Pour finir, je m'étonne que vous n'ayez pas réagi au lobbying en cours des éditeurs auprès des pouvoirs publics pour l'application d'une réglementation de type "prix unique" pour le livre numérique (z'avez vu : présenté comme une "arme" - contre les consommateurs ? - par le journaliste du Monde...). Bon, d'accord, c'est vrai, vous avez parlé de l'intérêt d'une telle idée dans votre billet du 14 janvier dernier en commentant l'avis de l'Autorité de la concurrence (en parlant même d'un projet de note sur le sujet ! ;-) ).
— Moggiovendredi, février 12 2010
15:48
Sur la première remarque, c'est avant tout une question de terminologie. Si on définit un libraire comme un commerçant vendant des livres physiques, alors le livre numérique est appelé à réduire leur nombre, peut-être de manière importante. Si on considère que l'apport du libraire est d'apporter de l'information sur des livres peu connus ou médiatisés (le talon d'Achille des systèmes de recommandation : il faut que suffisamment de personnes aient lu un titre pour que l'information soit d'une qualité suffisante) et de fournir un service d'appariement entre titres et lecteurs (économie des coûts de recherche pour le lecteur), alors ils ont très probablement un avenir. On peut penser que cet avenir n'est pas nécessairement lié à un lieu de vente physique, ni même à une activité de vente directe d'ouvrages. Je m'inquiète beaucoup moins sur les éditeurs. Pour moi, le succès de l'auto-édition restera longtemps une chimère : si les éditeurs publient moins de 5% des manuscrits qu'ils reçoivent, c'est que la quasi-totalité des 95% non-publiés sont tout simplement mauvais. Ils rendent donc un service de tri d'une offre pléthorique assez important. On peut aussi penser à ce travail éditorial de co-rédaction avec l'auteur qui est souvent occulté afin de ne pas froisser l'image de ces derniers, ainsi qu'au travail de mise en page et de typographie qui est peut-être encore plus délicat dans un environnement numérique, où il faut s'adapter aux contraintes techniques de supports très différents. Il est toutefois fort possible que la rémunération des éditeurs soit à l'avenir liés à ces seuls services, et se voie amputée, au bénéfice du consommateur, de la marge prise sur l'activité de commande de l'impression des ouvrages.
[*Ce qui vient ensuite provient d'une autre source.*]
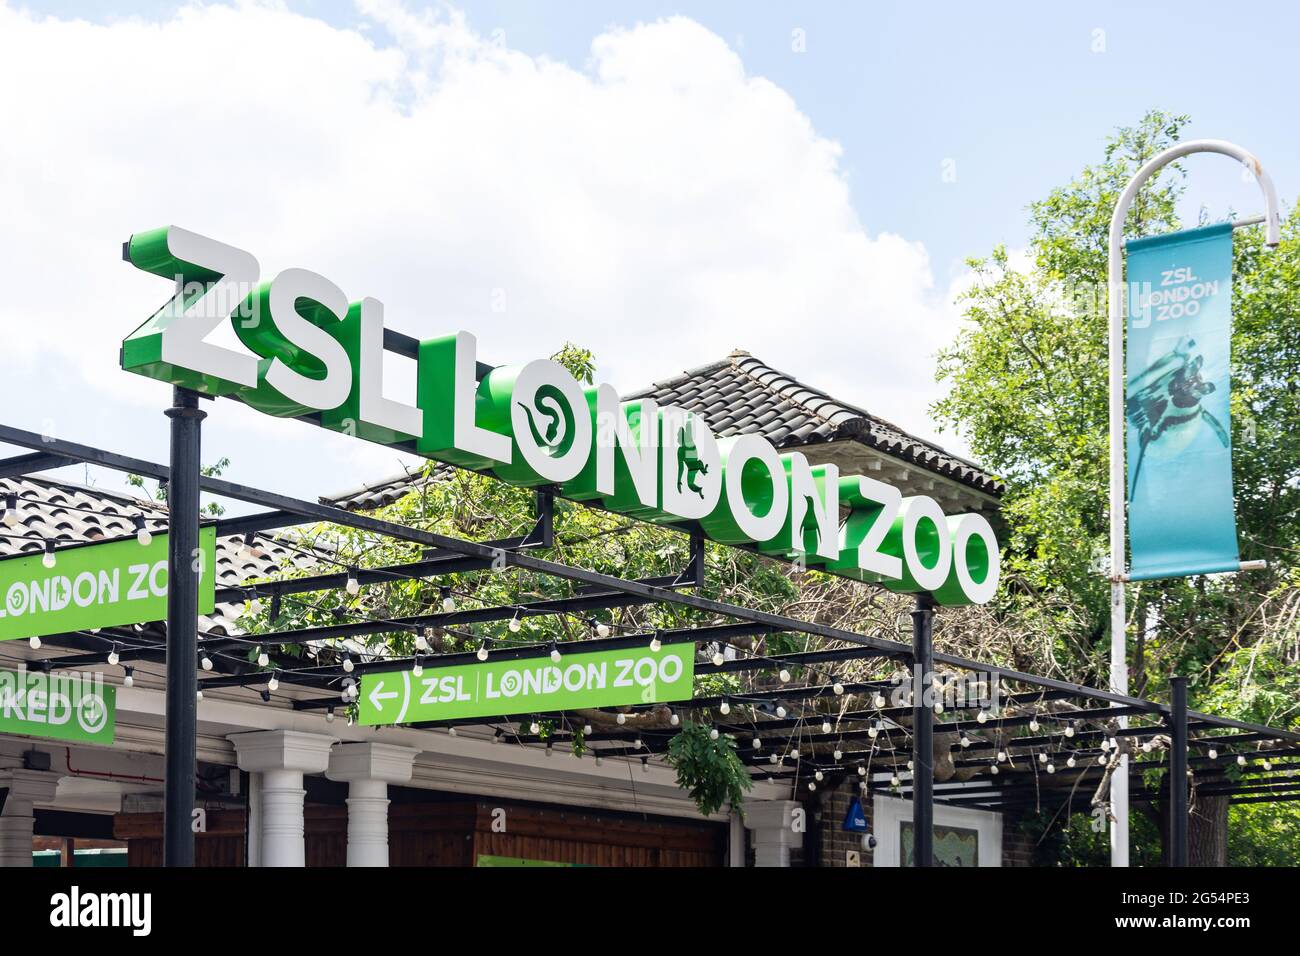 Entrée au zoo de Londres ZSL, Regent's Park, City of Westminster, Greater London, Angleterre, Royaume-Uni Banque D'Images

Sur la deuxième observation, il est clair que les éditeurs l'ont mauvaise de se trouver du « mauvais » côté des plates-formes, c'est-à-dire du côté non subventionné par la plate-forme. D'où leur intérêt pour une plate-forme au moins de téléchargement qu'ils contrôleraient directement, essayant de renverser le rapport des élasticités (une plate-forme peut se passer d'un éditeur, pas de tous). Dans la mesure où les plates-formes sont opérées par des entreprises multinationales, je doute du succès à long terme d'une opération limitée à la France. Surtout que le livre numérique rendra accessibles les ouvrages publiés en Suisse, en Belgique ou au Canada, sans parler des pays d'Afrique francophone. À ce titre, les éditeurs auraient peut-être plus intérêt à augmenter la concurrence entre plates-formes qu'à la réduire, et à pousser pour des formats les plus interchangeables possibles, réduisant l'incitation des plates-formes à subventionner l'adoption de leurs liseuses respectives (j'espère ne pas me prendre ici les pieds dans le fonctionnement des marchés bifaces). Ce qui implique sans doute d'en rabattre sur leurs illusions de sécurité à base de DRM.
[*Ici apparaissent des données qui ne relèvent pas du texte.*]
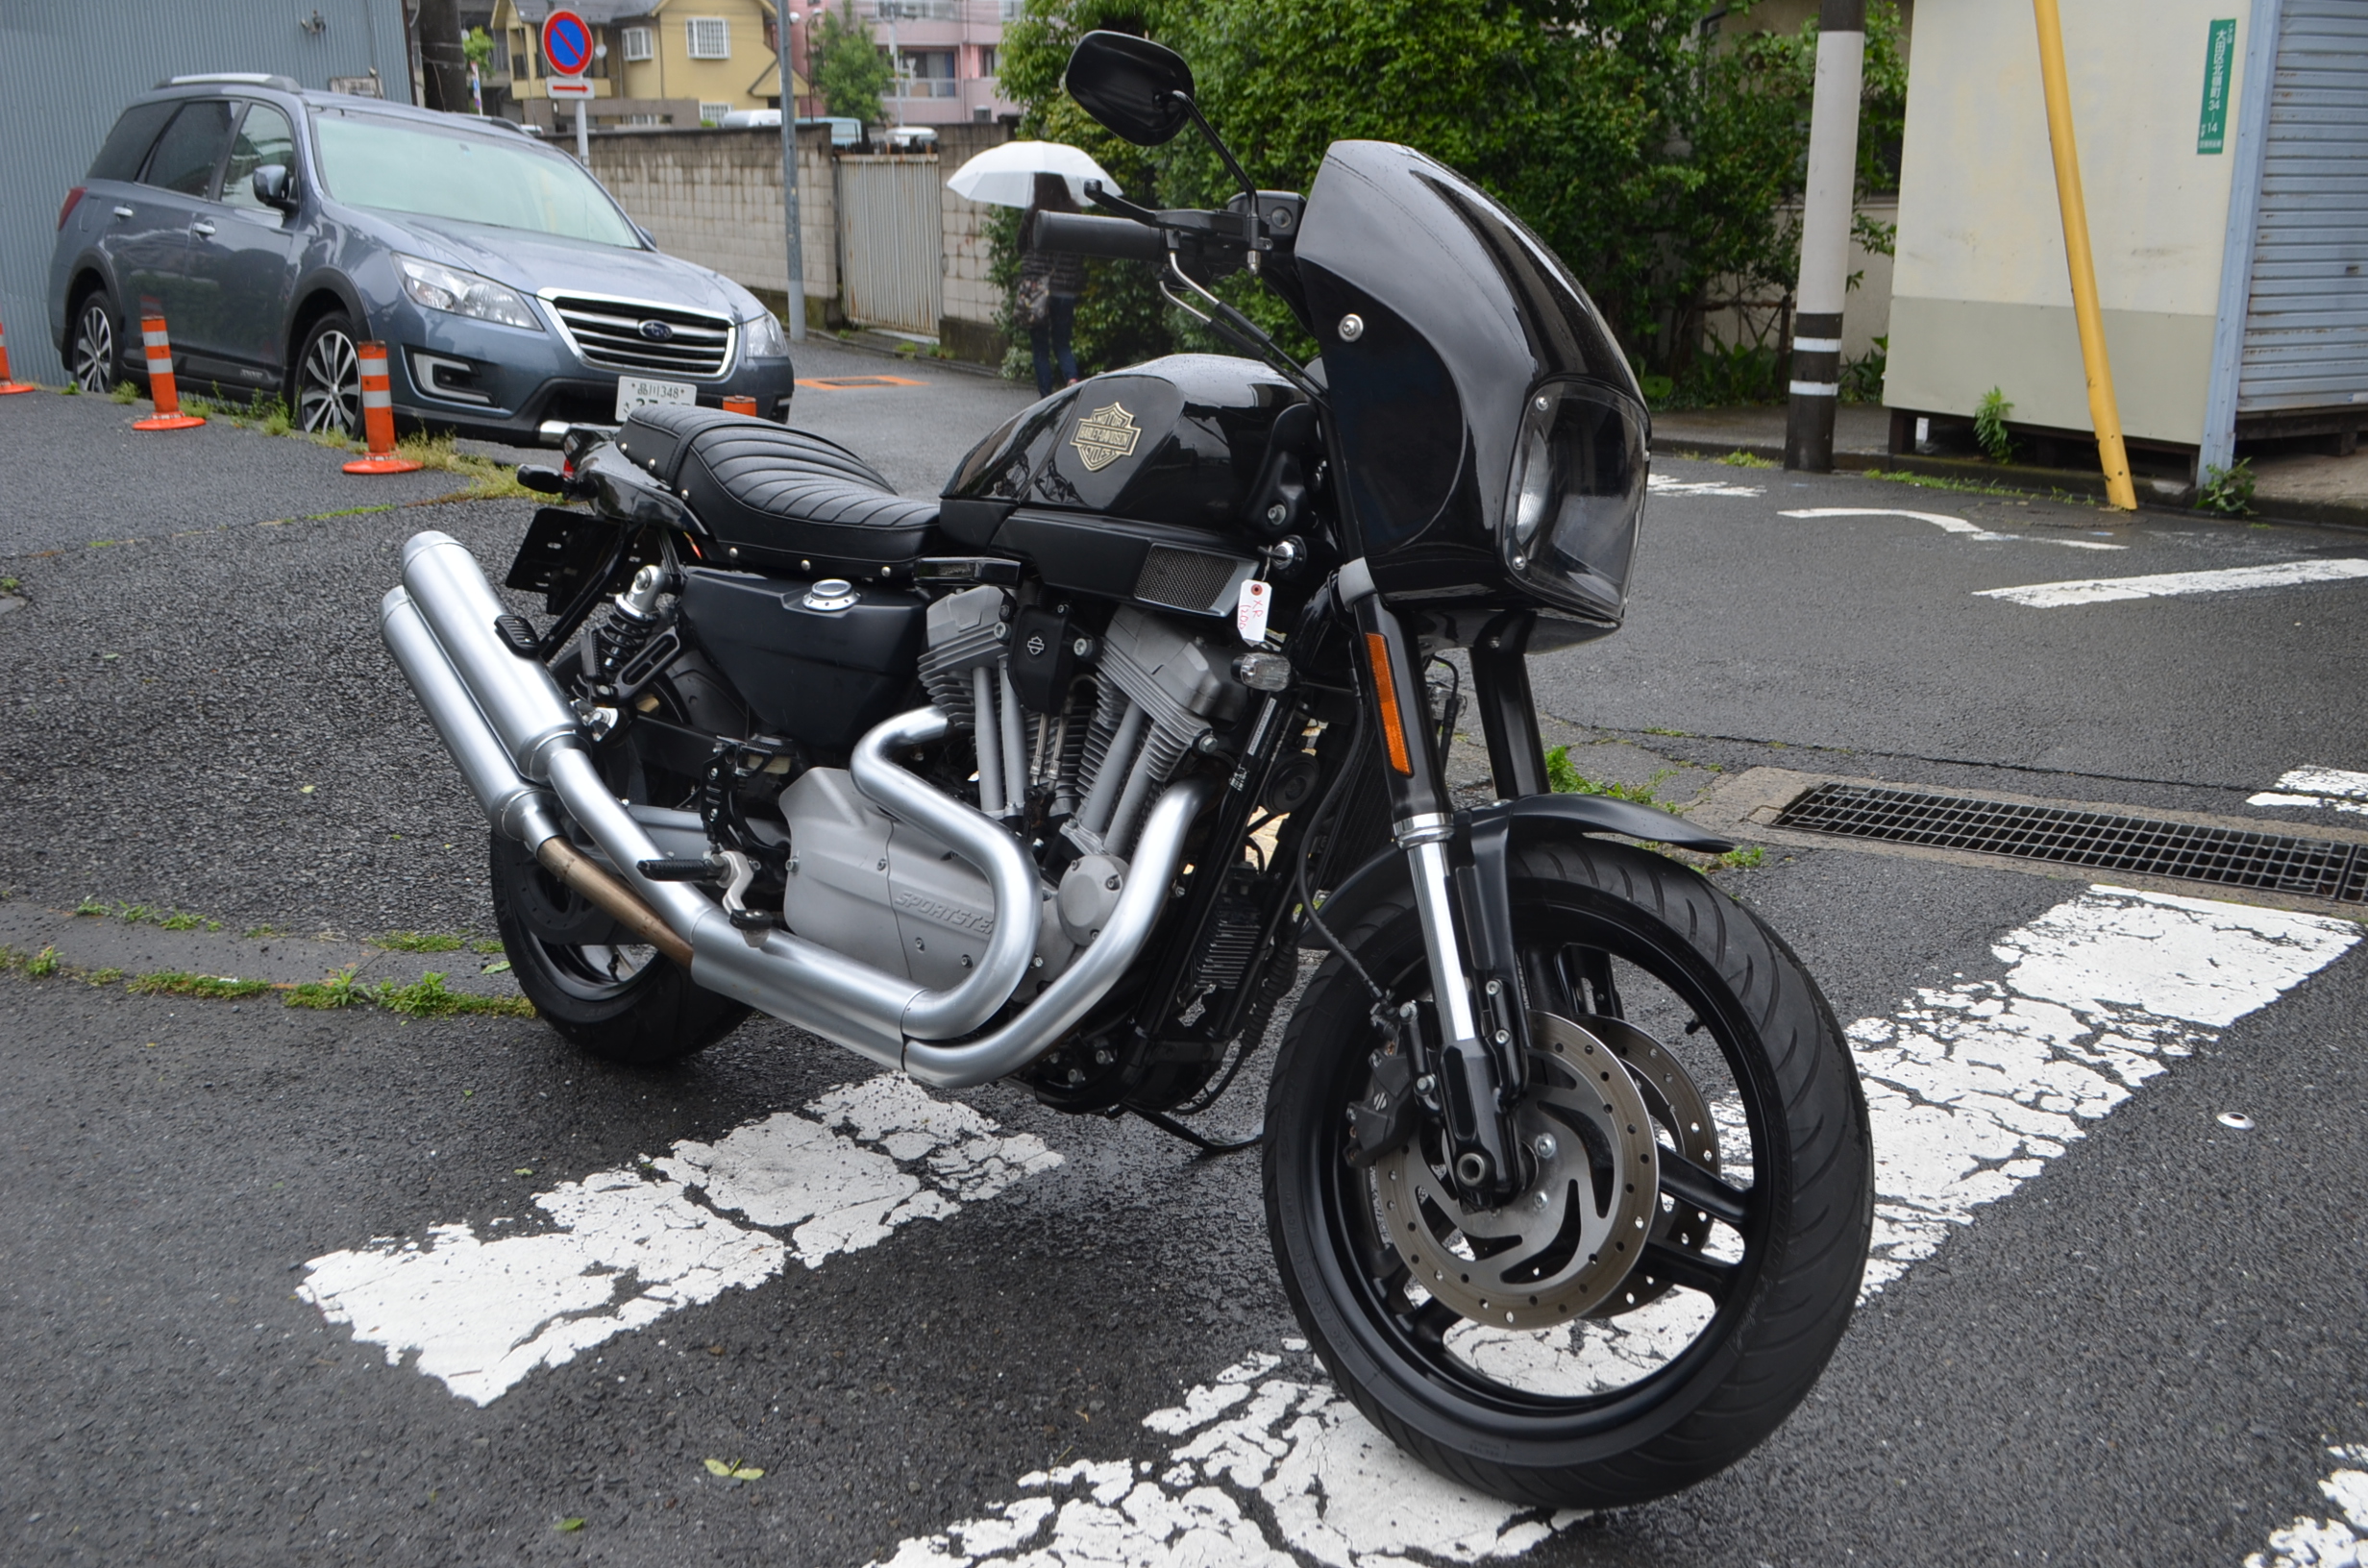 Yamaha マジェスティ250 トライク バイク買取金額掲載中のバイクブーン

Concernant le prix unique du livre numérique, je me range à titre personnel à l'avis de l'Autorité de la concurrence.
— Mathieu P.dimanche, février 28 2010
11:17
Je ne suis pas certain que les éditeurs soient si bercés d'illusions sur les DRM.
Le plus probable est qu'en imposant les DRM, ils cherchent à gagner du temps avant que le marché ne devienne électronique. Ils peuvent ainsi dire à leurs clients (et aux pouvoirs politiques) qu'ils n'ont rien contre cette évolution, tout en la rendant pénible.
De plus, pour les quelques uns qui n'auraient pas été dissuadés par les DRM, il est possible de leur faire payer plus, car en tant que fan de nouvelles technologies, il est probable que leur disposition à payer soit plus forte.
Enfin, contrairement à ce qui est annoncé, les DRM n'ont pas pour but de lutter contre le piratage sur internet: il suffit de casser un DRM une fois pour que le fichier soit disponible en masse. Le véritable but est d'éviter la copie entre amis, qui est également très efficace pour les fichiers numériques
— fredmercredi, avril 7 2010
19:02
Pour information, en lien avec le thème de ce billet, j'ai vu passer ce rapport d'information (seulement) aujourd'hui : http://www.senat.fr/noticerap/2009/... (html) ou bien http://www.senat.fr/rap/r09-338/r09... (pdf).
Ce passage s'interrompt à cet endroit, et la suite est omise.